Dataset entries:

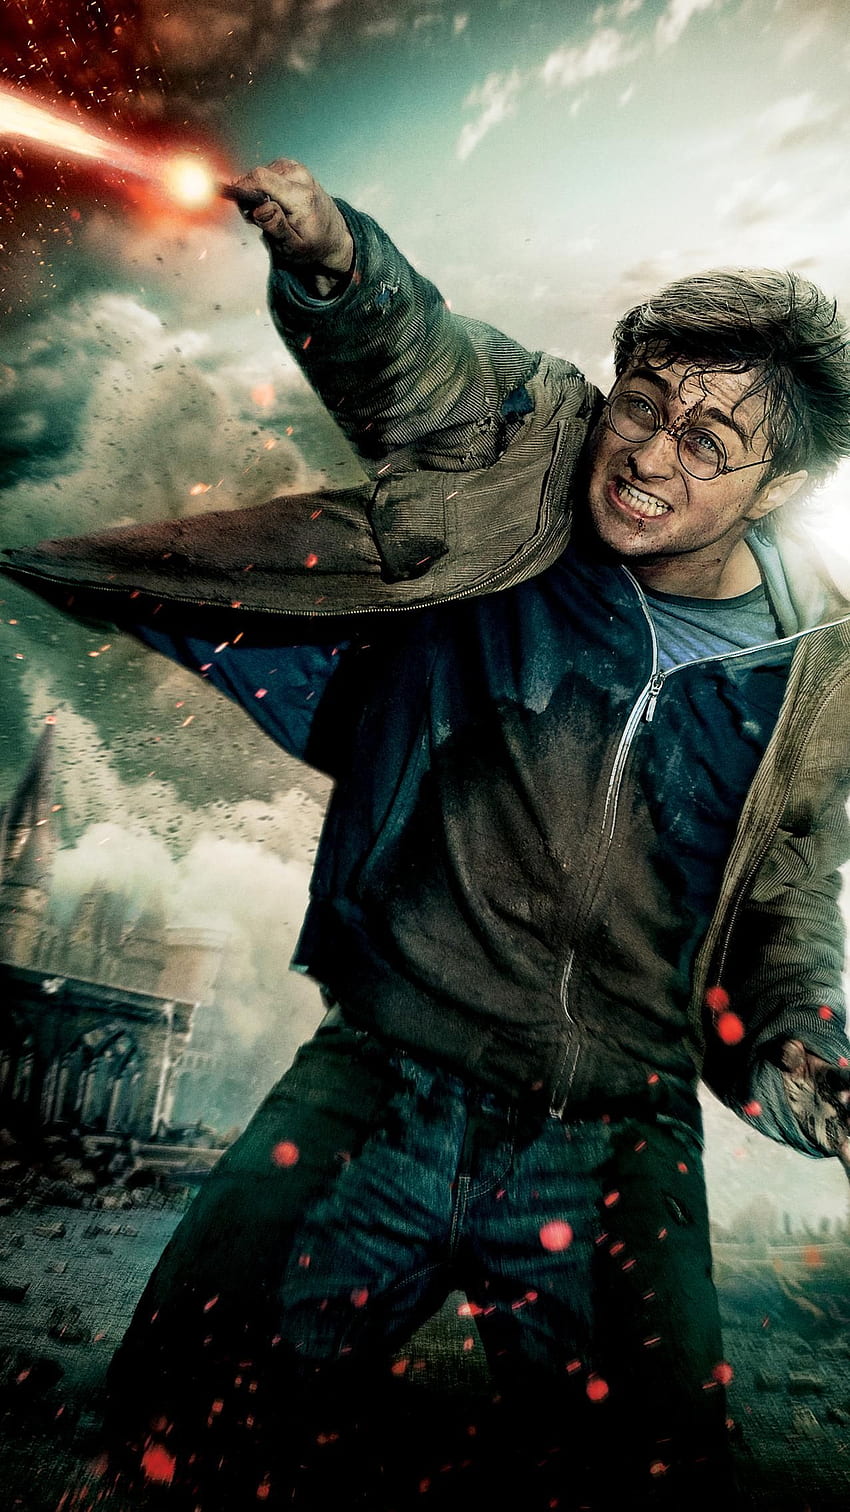 Harry Potter and the Deathly Hallows: Part 2 (2011) Phone . Moviemania. Daniel radcliffe harry potter, Harry potter hermione, Harry potter deathly hallows HD phone wallpaper
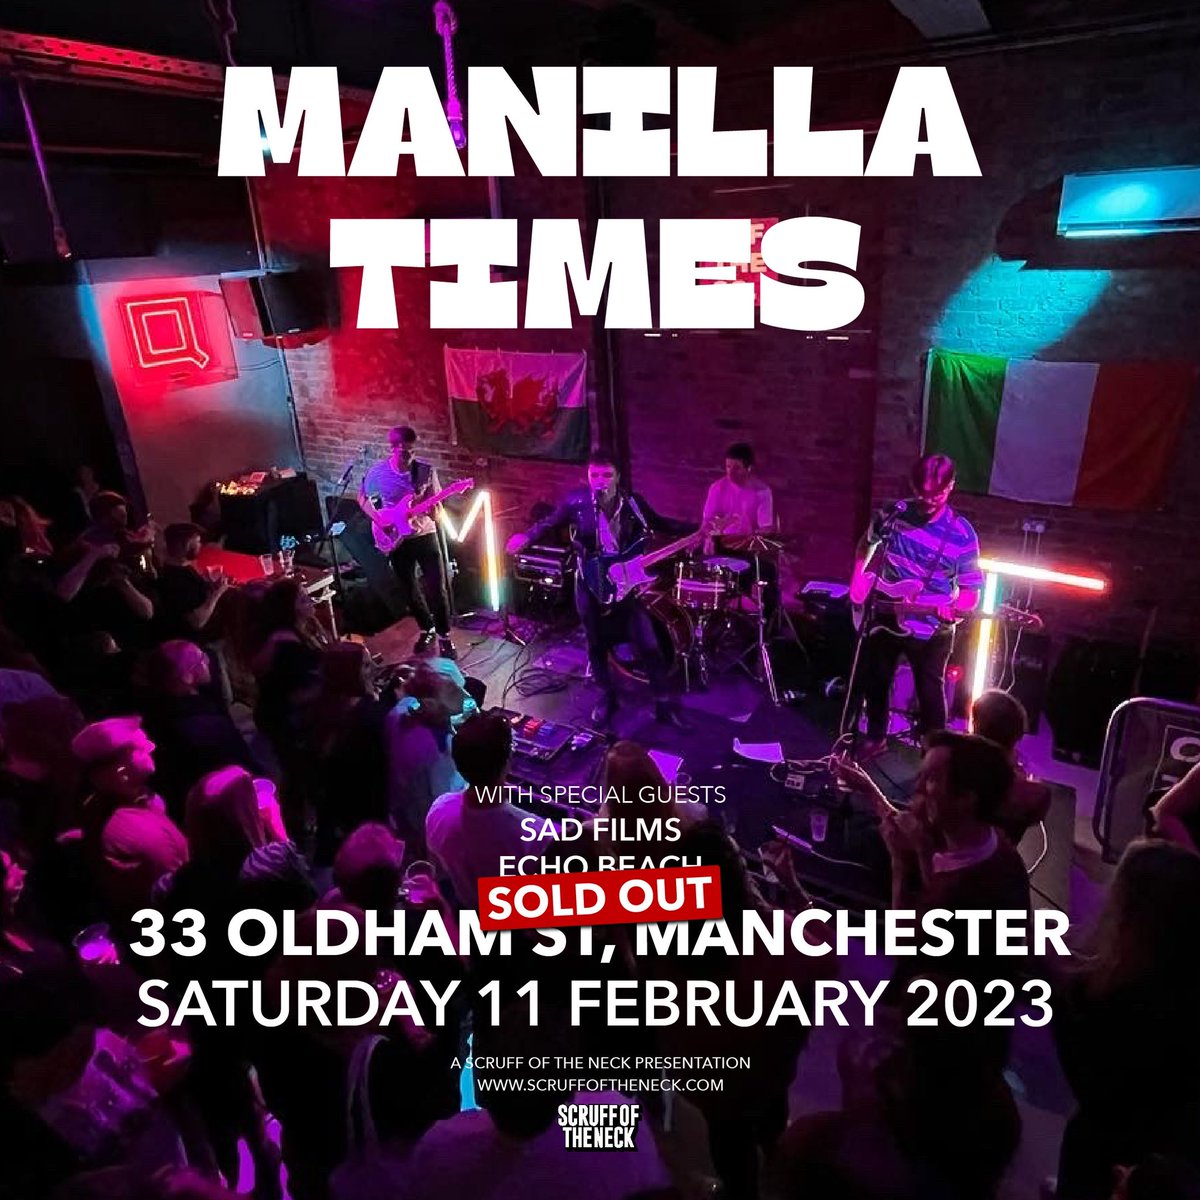 Manchester tonight, and it’s LIIIIIIVEEEE
@33_oldhamstreet 

Oh and it’s sold out 🎉

SET TIMES
Doors 7:30pm
@echobeach_uk 7:45pm
sad films (too cool for Twitter) 8:30pm
Gorilla Crimes 9:15pm
Curfew 11pm

Get down early folks. It’s gonna be a belter x

@scruffoftheneck
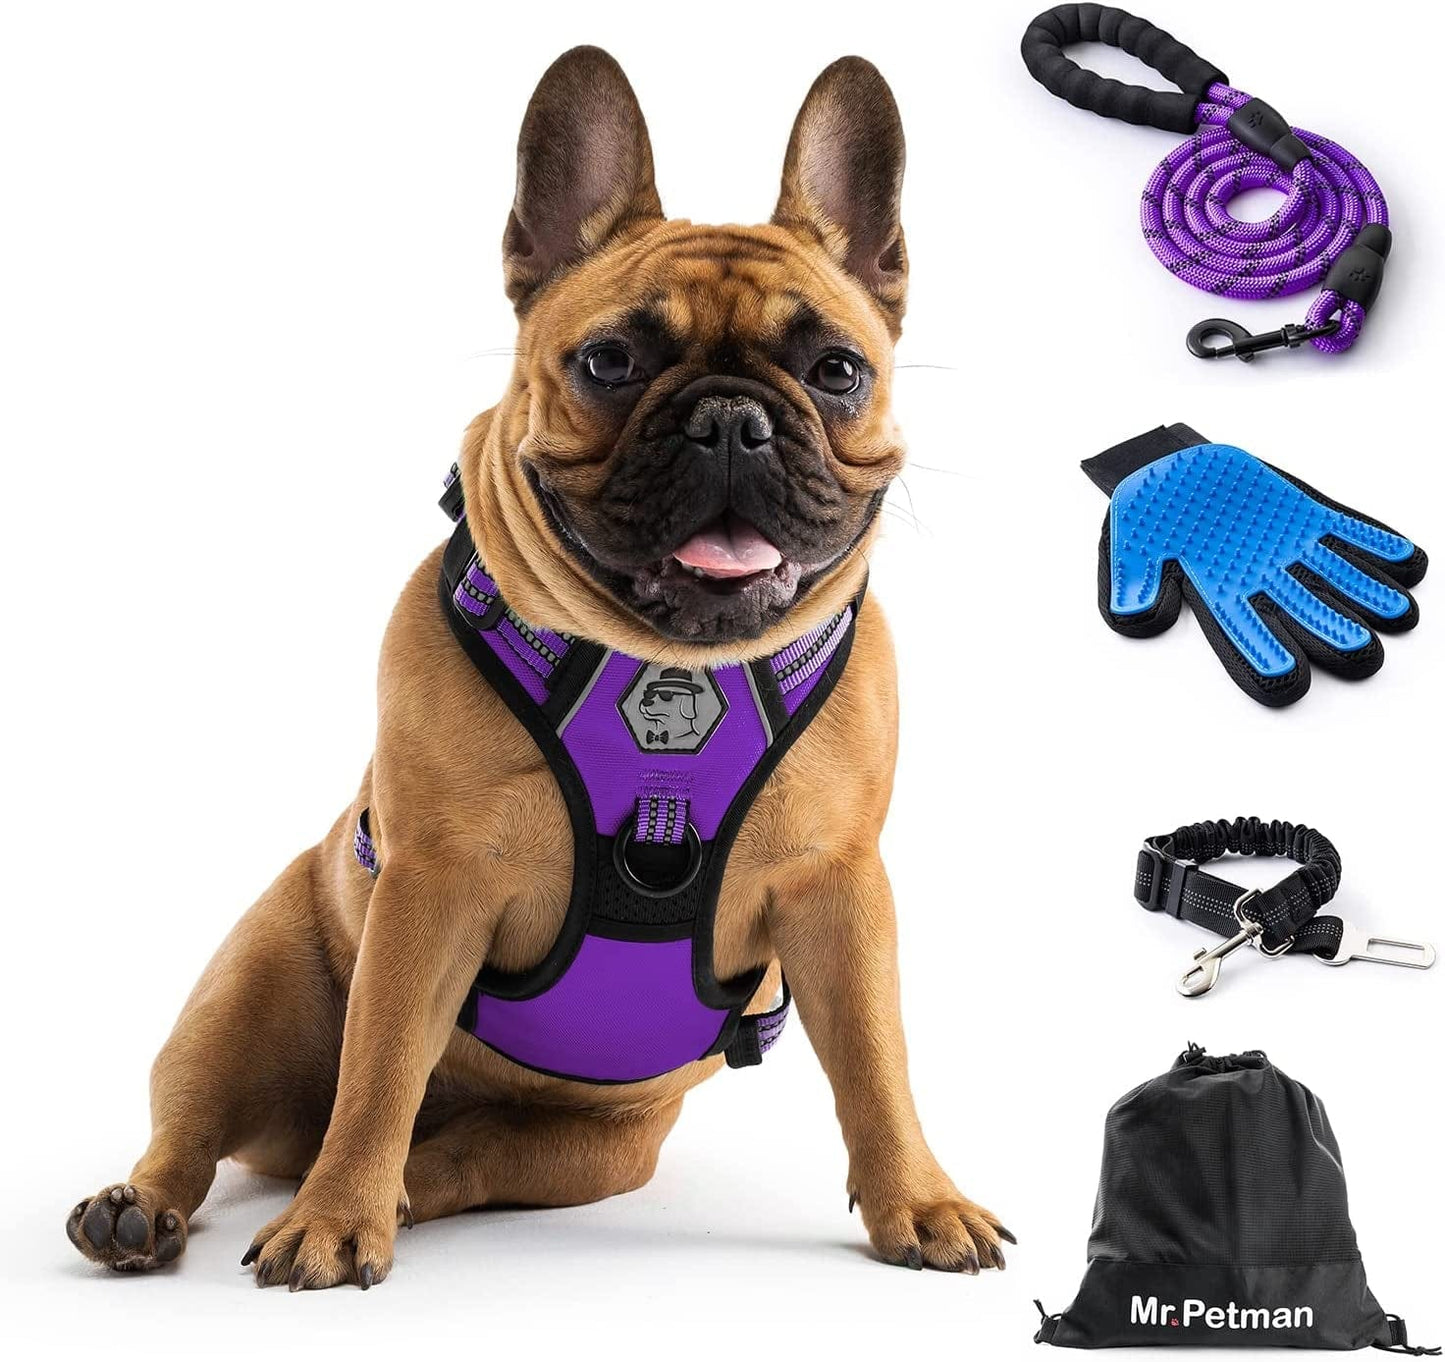 MR. PETMAN No Pull Dog Harness with Leash, Seat Belt, Grooming Glove - No Choke Dog Harness Set for Small Medium Large Dogs- Reflective Adjustable Dog Vest Harnesses with Handle for Walking Training
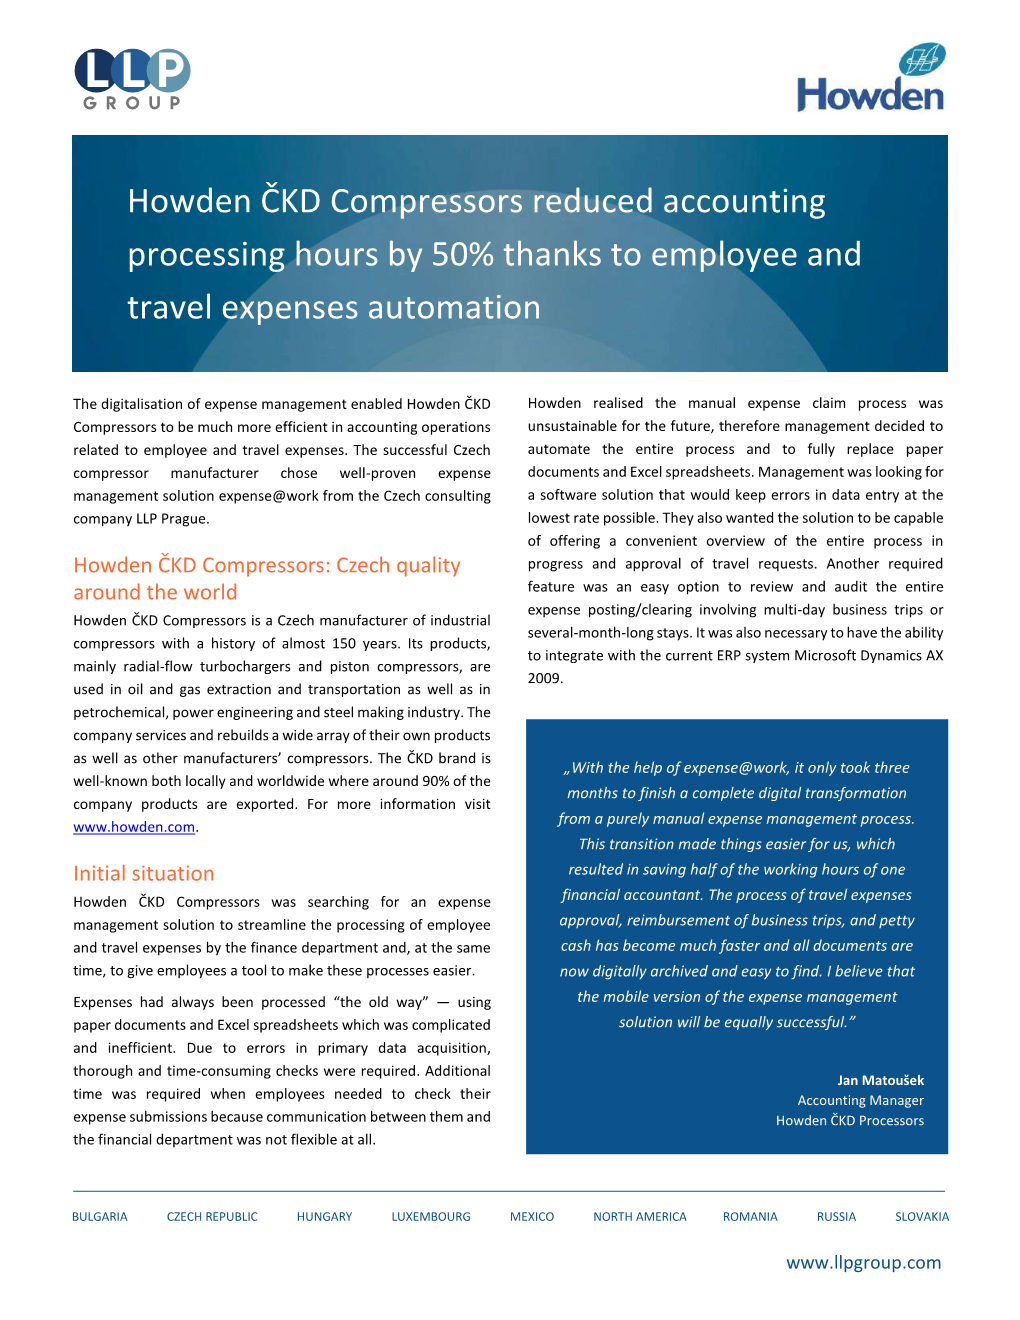 Howden ČKD Compressors Reduced Accounting Processing Hours by 50% Thanks to Employee and Travel Expenses Automation

▶ **ASSIGNMENT**
Give all the records again, exactly, without images.

▶ **THE COMPLETED TASK**
 Harry Potter and the Deathly Hallows: Part 2 (2011) Phone . Moviemania. Daniel radcliffe harry potter, Harry potter hermione, Harry potter deathly hallows HD phone wallpaper
 Manchester tonight, and it’s LIIIIIIVEEEE
@33_oldhamstreet 

Oh and it’s sold out 🎉

SET TIMES
Doors 7:30pm
@echobeach_uk 7:45pm
sad films (too cool for Twitter) 8:30pm
Gorilla Crimes 9:15pm
Curfew 11pm

Get down early folks. It’s gonna be a belter x

@scruffoftheneck
 MR. PETMAN No Pull Dog Harness with Leash, Seat Belt, Grooming Glove - No Choke Dog Harness Set for Small Medium Large Dogs- Reflective Adjustable Dog Vest Harnesses with Handle for Walking Training
 Howden ČKD Compressors Reduced Accounting Processing Hours by 50% Thanks to Employee and Travel Expenses Automation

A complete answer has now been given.